Seriendruck mit Access und Word, Teil II

Unser Beitrag zum Thema Ferngesteuerter Seriendruck mit Access und Word hat soviel Feedback geliefert, dass wir Ihnen einige Verbesserungen und Erweiterungen liefern möchten. Der vorliegende Beitrag zeigt, welche Schwachstellen das Add-In noch enthielt und wie Sie diese beheben.

Fehler 5922 – Word konnte die Datenquelle nicht öffnen

Dieser Fehler trat speziell unter Access 2010 auf, und zwar in der folgende Zeile der Prozedur cmdSerienbriefErstellen_Click:

objMerge.OpenDataSource Name:=dbc.Name, 
LinkToSource:=True, 
Connection:=strConnection, 
SQLStatement:="SELECT * FROM [tblSerienbrief_Temp] 
WHERE [Serienbrief] = True", 
SubType:=1

Die Lösung war nicht einfach zu finden. Ein Tipp von Sascha Trowitzsch führte schließlich dazu, einmal den Makro-Editor unter Word zu starten und manuell einen Seriendruck auf Basis der betroffenen Tabelle der Add-In-Datenbank zu erstellen.

Fazit: Word kommt anscheinend nicht mit dem Datentyp .mda klar! Wenn Sie dort eine bestehende Datenquelle auswählen, müssen Sie Alle Dateien (*.*) als Filter festlegen, um überhaupt auf die .mda-Datei zugreifen zu können. Im nächsten Schritt zeigt sich dann, dass Word sich unter diesem Dateityp nichts vorstellen kann und beim Analysieren des Inhalts scheitert (s. Abb. 1).

pic001.png

Abb. 1: Versuch, Daten aus einer .mda-Datei als Quelle für einen Seriendruck zu verwenden

Ein kleiner Versuch brachte schließlich die Lösung dieses Problems: Der Dateiname wurde von .mda zurück in .mdb geändert und siehe da – Word liest die Daten problemlos ein. Die oben genannte und für den Fehler verantwortliche Zeile mit dem Aufruf der OpenDataSource-Methode funktioniert nun einwandfrei.

Allerdings lässt sich die .mdb-Datei nun nicht mehr direkt als Add-In installieren, da hier standardmäßig nur .mda– beziehungsweise .accdb-Dateien ausgewählt werden können. Das ist aber kein Problem, denn auch hier lässt sich der Filter auf alle Dateien einstellen.

Und zu guter Letzt müssen Sie noch die Tabelle USysRegInfo anpassen. Die Angabe der Library müssen Sie von aiuSeriendruck.mda auf aiuSeriendruck.mdb ändern, damit Access die umbenannte Datei weiterhin findet (s. Abb. 2).

pic002.png

Abb. 2: Anpassung der Tabelle USysRegInfo, damit Access das Add-In ordnungsgemäß starten kann

Kontextmenüeinträge bei mehreren Seriendrucken

Gelegentlich möchte man nicht nur ein, sondern mehrere verschiedene Dokumente im Seriendruck verarbeiten. Zum Hinzufügen der Platzhalter in Word hat aiuSeriendruck ja das Kontextmenü des Dokuments so angepasst, dass Sie alle Felder der Quelltabelle über die Auswahl eines Eintrags wie etwa [Vorname] einfügen können.

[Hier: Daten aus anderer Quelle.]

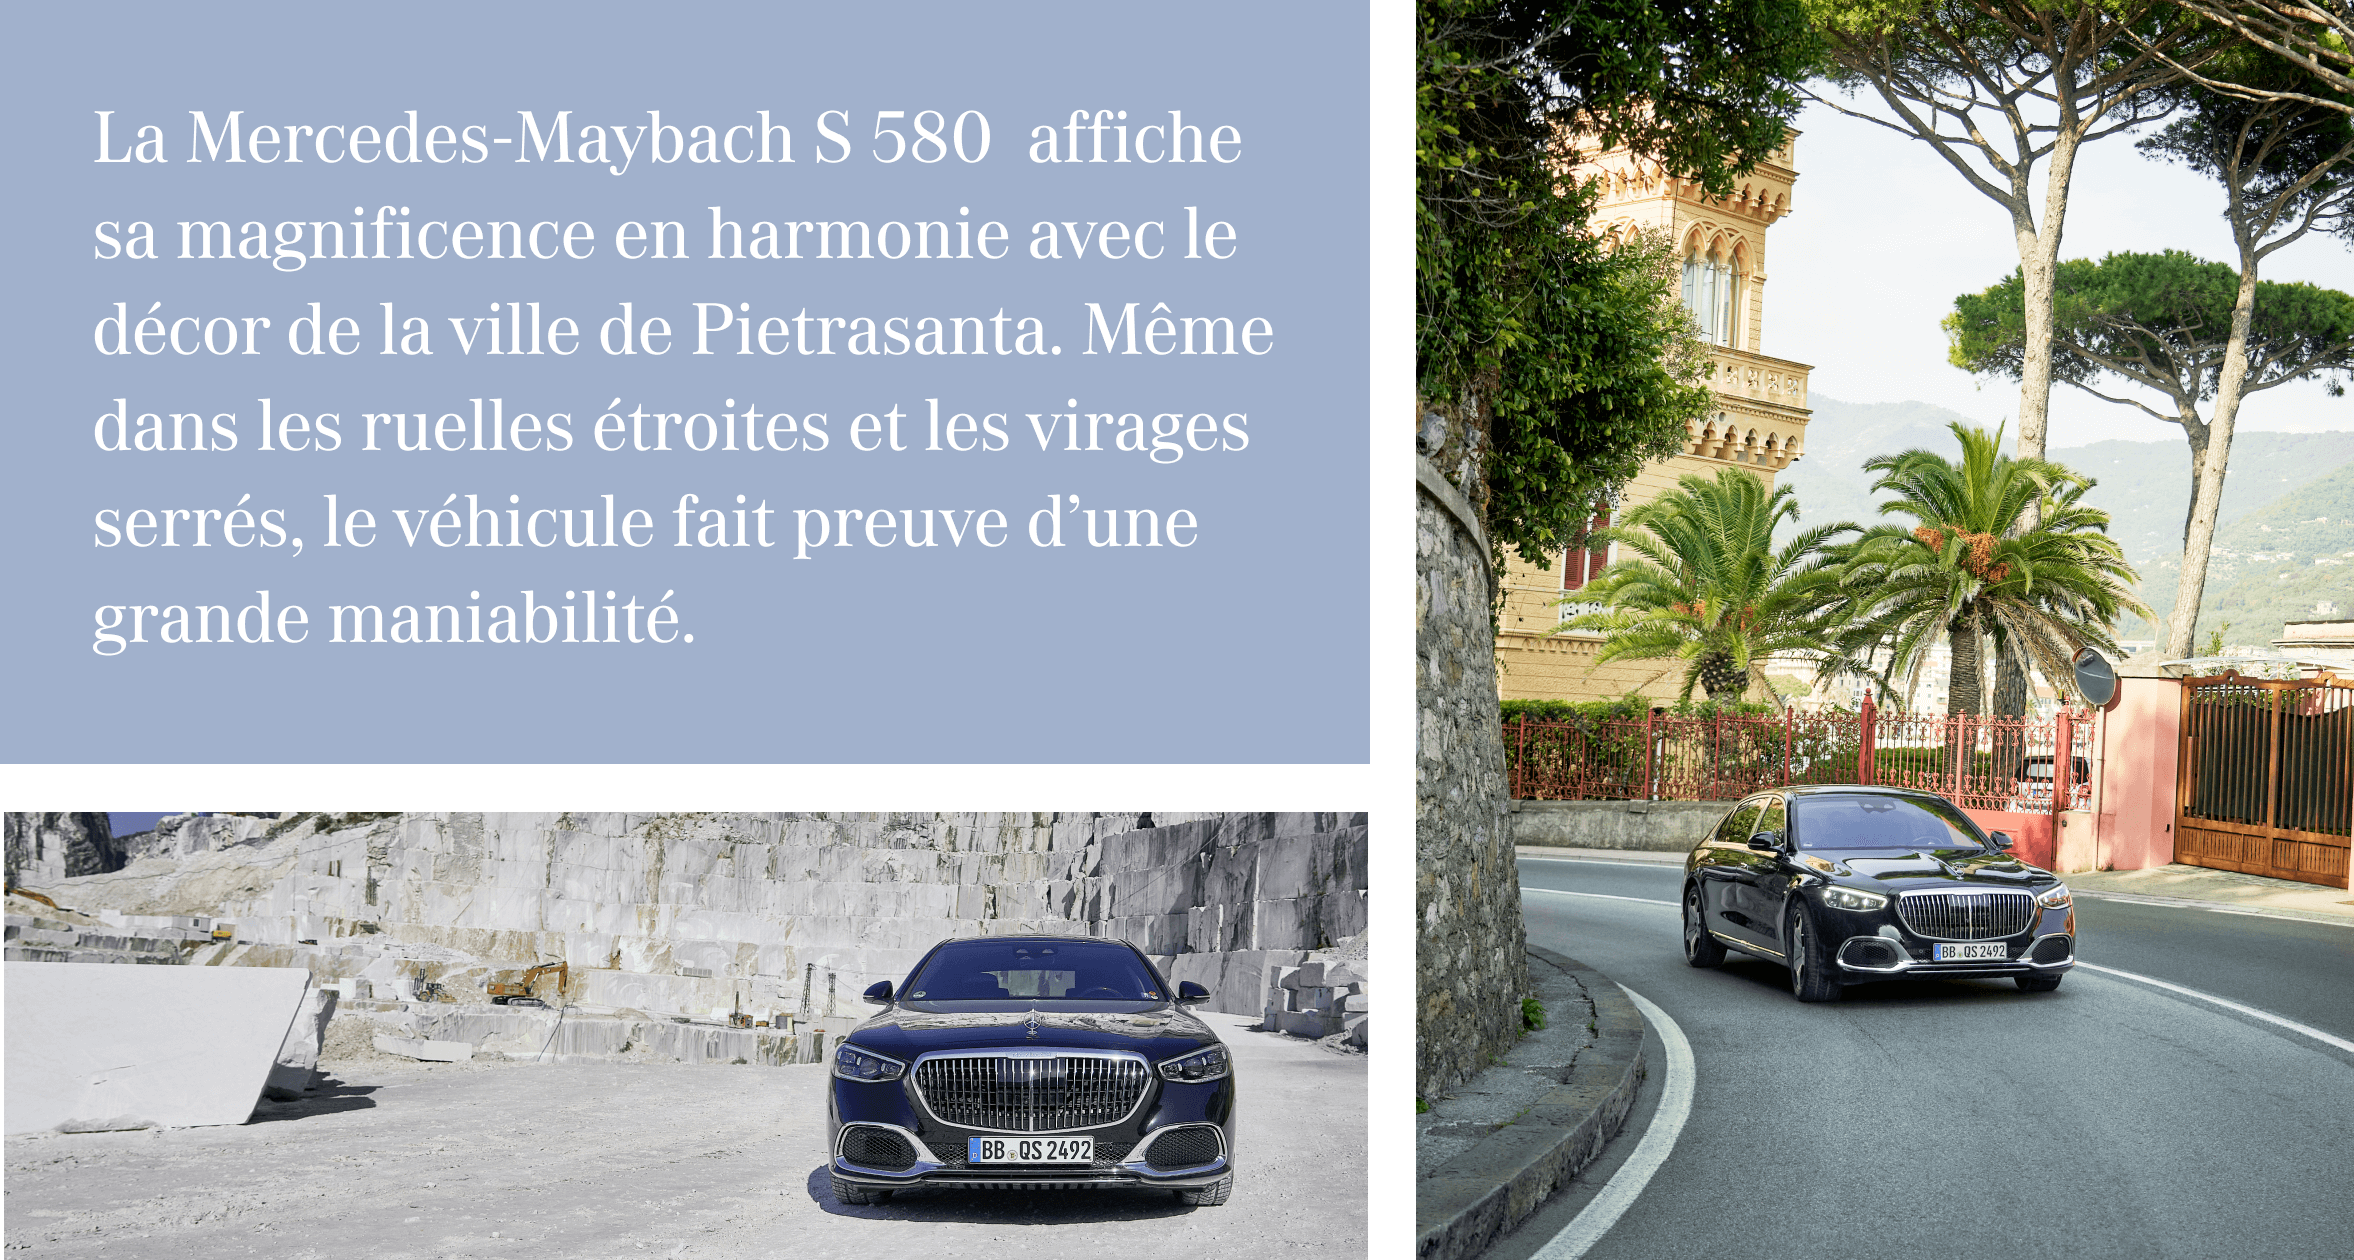 La Mercedes-Maybach S 580  affiche sa magnificence en harmonie avec le décor de la ville de Pietrasanta. Même dans les ruelles étroites et les virages serrés, le véhicule fait preuve d’une grande maniabilité.

Leider behält das Kontextmenü diese Einträge bei, sodass das Kontextmenü mit jedem neuen Dokument länger wird. Die Lösung dieses Problems war ebenfalls nicht einfach zu finden. Eigentlich konnte man davon ausgehen, dass es reicht, beim Erstellen der Kontextmenüeinträge mit der Add-Methode den Temporary-Parameter auf True einzustellen. Dies würde bedeuten, dass die angelegten Einträge beim Schließen von Word wieder gelöscht würden:

Set cbc = m_Commandbar.Controls.Add(1, , , , True)

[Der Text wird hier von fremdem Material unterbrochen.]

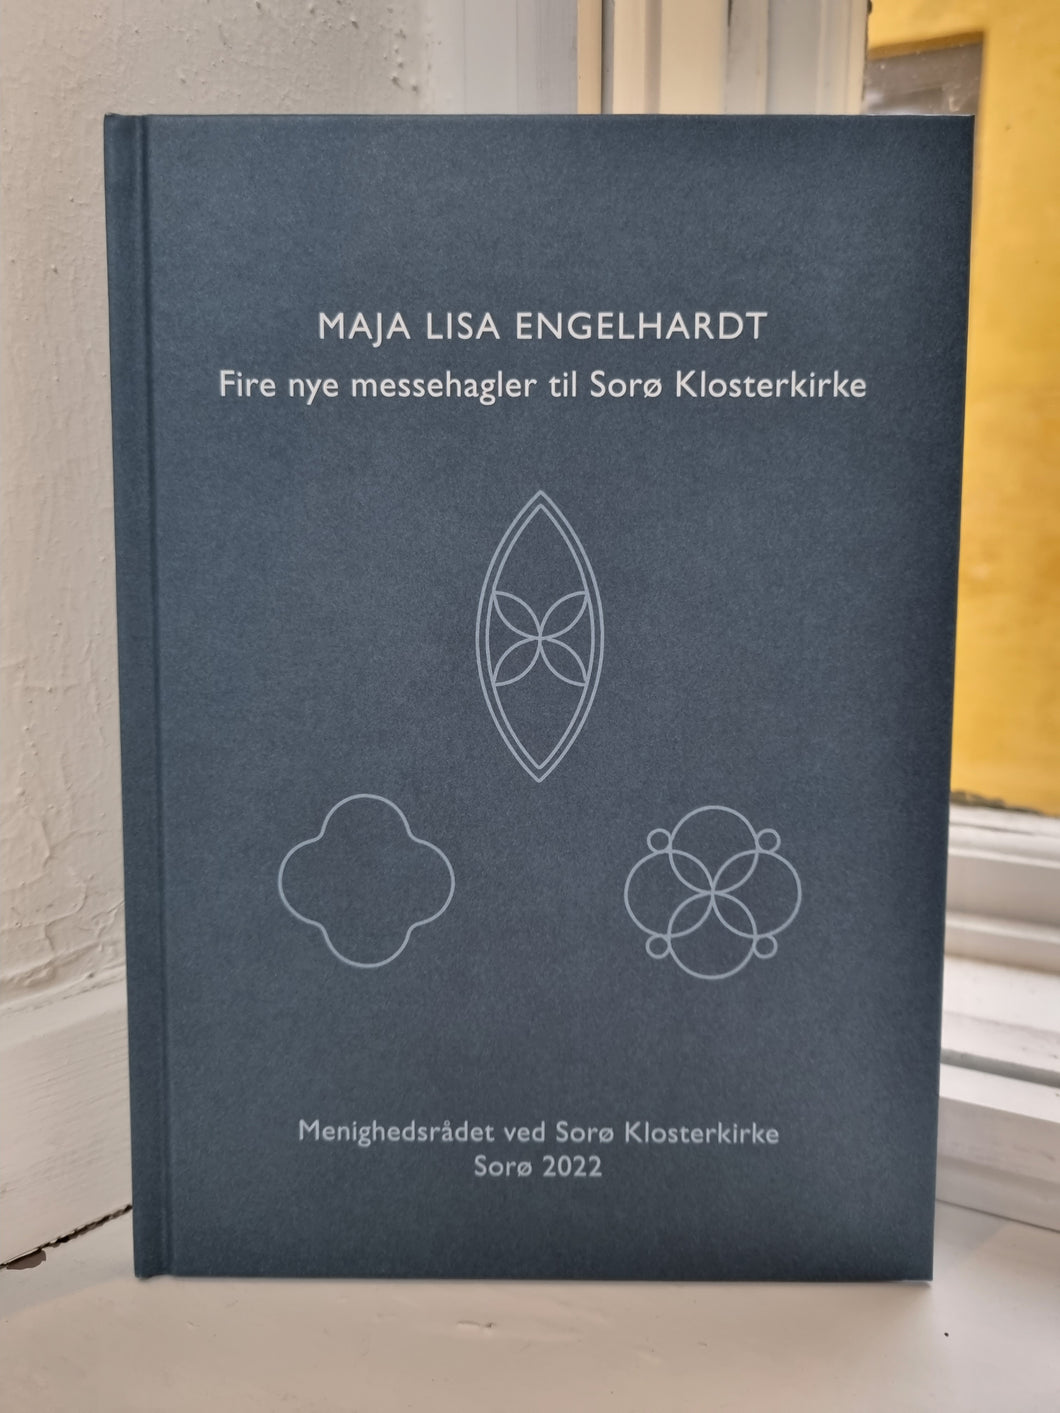 Maja Lisa Engelhardt - Fire nye messehagler til Sorø Klosterkirke

Aber dies reichte aus unerfindlichen Gründen nicht. Also griff ich zu weiteren Maßnahmen: Alle neu angelegten Kontextmenüeinträge wurden mit einem Wert für die Tag-Eigenschaft versehen, der das Tilde-Zeichen und die Beschriftung des Kontextmenüeintrags enthielt, also beispielsweise ~[Vorname]. Dies alles mit dem Zweck, eventuell verbleibende Einträge vor dem erneuten Anlegen des Kontextmenüs mit der Delete-Methode in einer Schleife über alle Einträge er jeweiligen Kontextmenüeinträge wieder zu löschen. Auch das brachte nicht die geringste änderung!

Die Lösung fand sich schließlich in Word selbst: Wenn Sie bei geöffnetem Word-Dokument Elemente zur CommandBars-Auflistung hinzufügen und das Dokument dann speichern, werden diese Elemente mit dem Dokument gespeichert.

Das Speichern des Dokuments tritt in aiuSeriendruck auf, wenn der Benutzer den letzten Kontextmenüeintrag mit der Beschriftung Alle Platzhalter gesetzt anklickt. Dies löst eine entsprechende Ereignisprozedur aus, die um zwei Anweisungen ergänzt werden muss – und zwar um den Aufruf der Methode Reset für die beiden um temporäre Einträge erweiterten Kontextmenüs. Reset setzt die Kontextmenüs wieder so zurück, dass diese nur noch eingebaute Elemente enthalten (s. Listing 1).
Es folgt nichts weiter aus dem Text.